The mound rock sample HPD#2136R05 was cut and sliced, rinsed with tap water, and dried. The wet polishing method was used to prepare sections where a block was embedded in a low-viscosity epoxy resin (EpoFix, Struers), polished using diamond plates (roughness: 70, 30, and 13 mm) with water as a lubricant, and then polished using diamond powder (roughness: 6 and 1 mm) on a silk polishing cloth (MD-Dur, Strues) with alcoholic blue lubricant (Strues). The dry-polishing method was also used to prepare sections where a block was cut and sliced without any lubricants, embedded in low-viscosity epoxy resin (CaldoFix-2, Struers), and polished at less than 50 rpm by using a waterproof abrasive paper (SiC foil; roughness: 200, 120, 80, 68, 52, 28, 18, 15, 13, 10, and 5 mm) and alumina abrasive powder (roughness: 1 μm) on a silk polishing cloth (MD-Dur) without any water or other lubricants. The wet- and dry-polished sections were examined under a stereomicroscope (Nikon Eclipse 50i POL) and were then coated with carbon (~20 nm, CADE, Meiwafosys) to facilitate observation by electron microscopy.

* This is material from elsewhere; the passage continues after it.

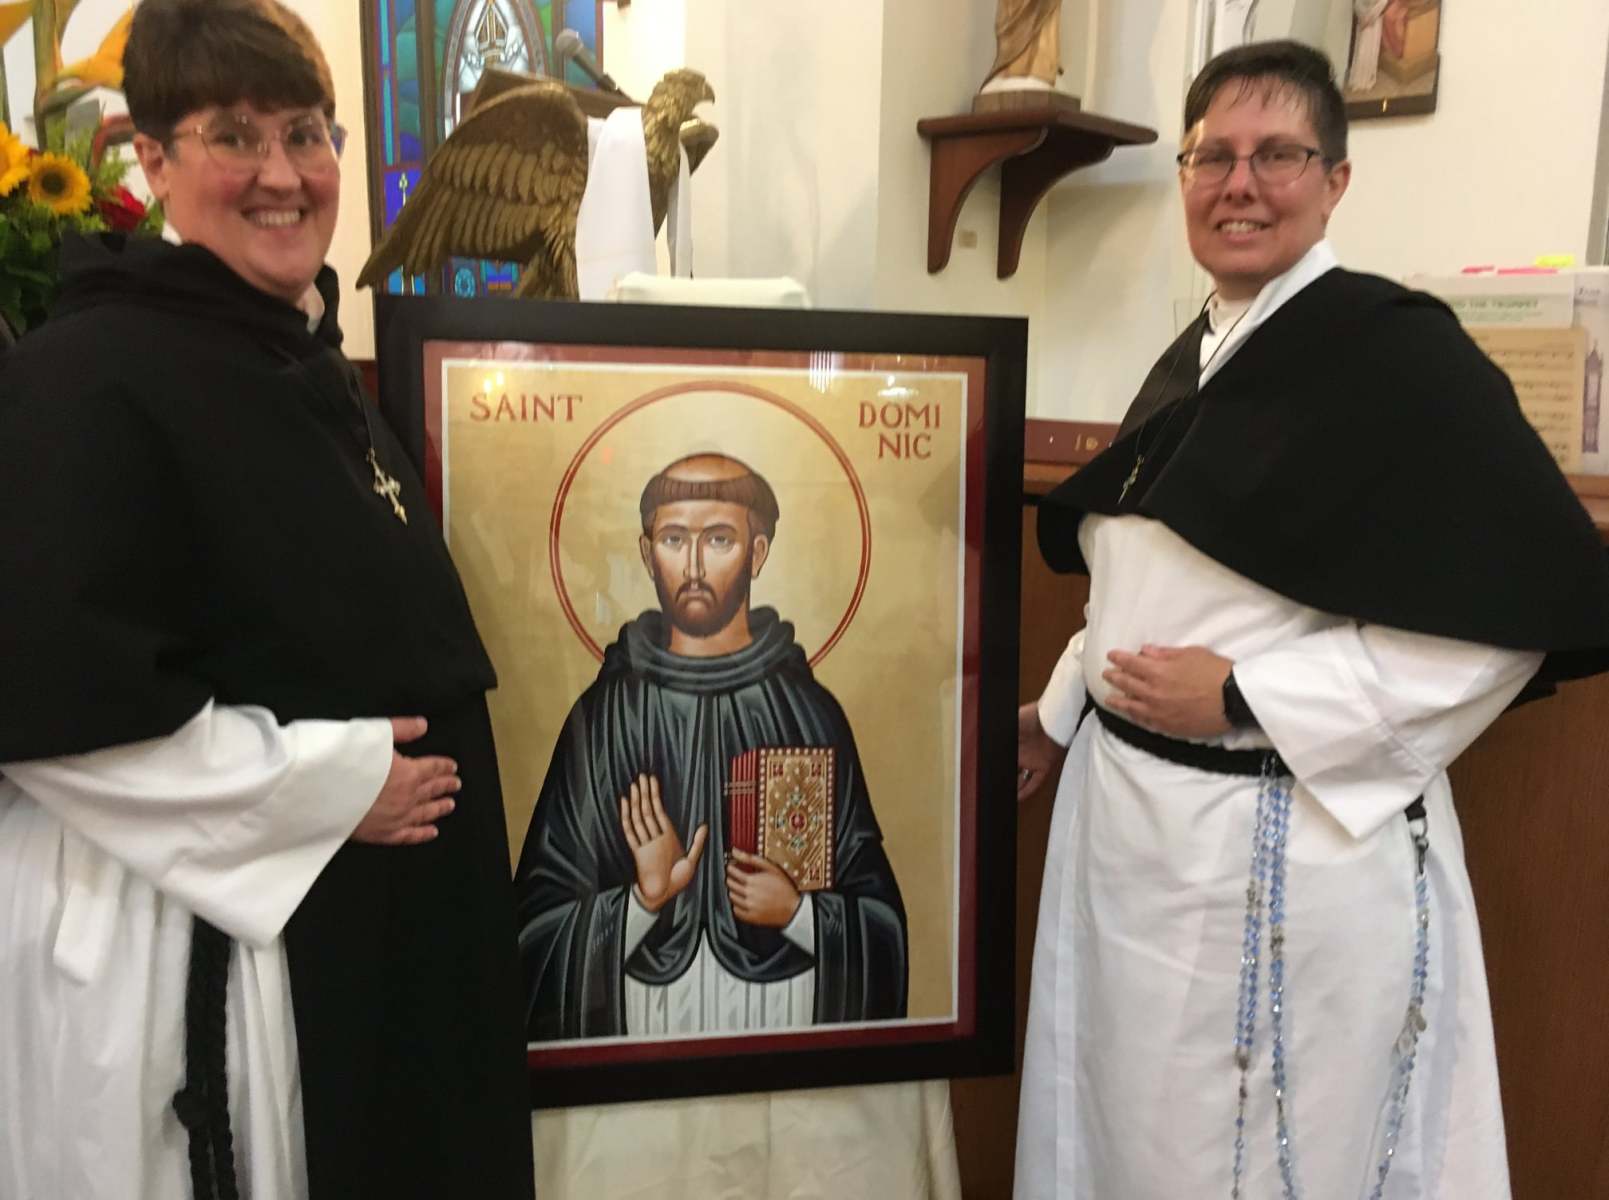 Our Common Life – Anglican Dominicans

The Au and Ag concentrations in sample HPD#2136R05 were measured by inductively coupled plasma quadrupole mass spectrometry (ICP-QMS; Agilent 7500ce, Agilent Technologies, USA) conducted at JAMSTEC in accordance with a previously described method [30]. All reagents for ICP-QMS were TAMAPURE-AA-10 or TAMAPURE-AA-100 grade and were procured from Tama Chemical Co., Ltd. First, 50 mg of a powdered sample was digested by 0.8 mL HClO₄, 2 mL HF, and 4 mL HNO₃ at 110°C for 24 h. Then, the sample was dried by stepwise heating (110 → 130 → 160 → 190 °C), after which it was further digested by 3.75 mL HNO₃, 1.25 mL HCl, and 5 mL Milli-Q deionized water at 110°C to stabilize Au and Ag in the mixed acid solution. This sample was then appropriately diluted for ICP-QMS analysis.

The mineral composition was determined by an electron probe microanalyzer (EPMA: JXA-8500, JEOL) at JAMSTEC equipped with five wavelength-dispersive X-ray spectroscopy (WDS) detectors (XM-86030 and XM-86010, JEOL) operated at an acceleration voltage of 20 kV and a beam current of 12 nA. The incident electron beam was focused to a diameter of 100 nm, and the counting time was 50 s for each element. Natural mineral samples and synthetic metal samples (ASTIMEX MINM25-53, METM25-44) were used as standards. At least three grains of optically visible representative minerals were analyzed (S1 Table). The X-ray lines measured were S, Mn, Fe, Co, Ni, Cu, and Zn (Kα), Ga, Ge, As, Se, Ag, Cd, Sb, and Te (Lα), and Pb and Bi (Mα) for minerals other than opal and Na, Mg, Al, Si, P, S, K, Ca, Ti, Cr, Mn, and Fe (Kα), and As (Lα) for opal. The acquired X-ray intensities were corrected by the atomic number-absorption-fluorescence (ZAF) method [31] and the elemental fractions were recorded as percentages of the weight and atoms for minerals and as percentages of the weight as oxides for opal.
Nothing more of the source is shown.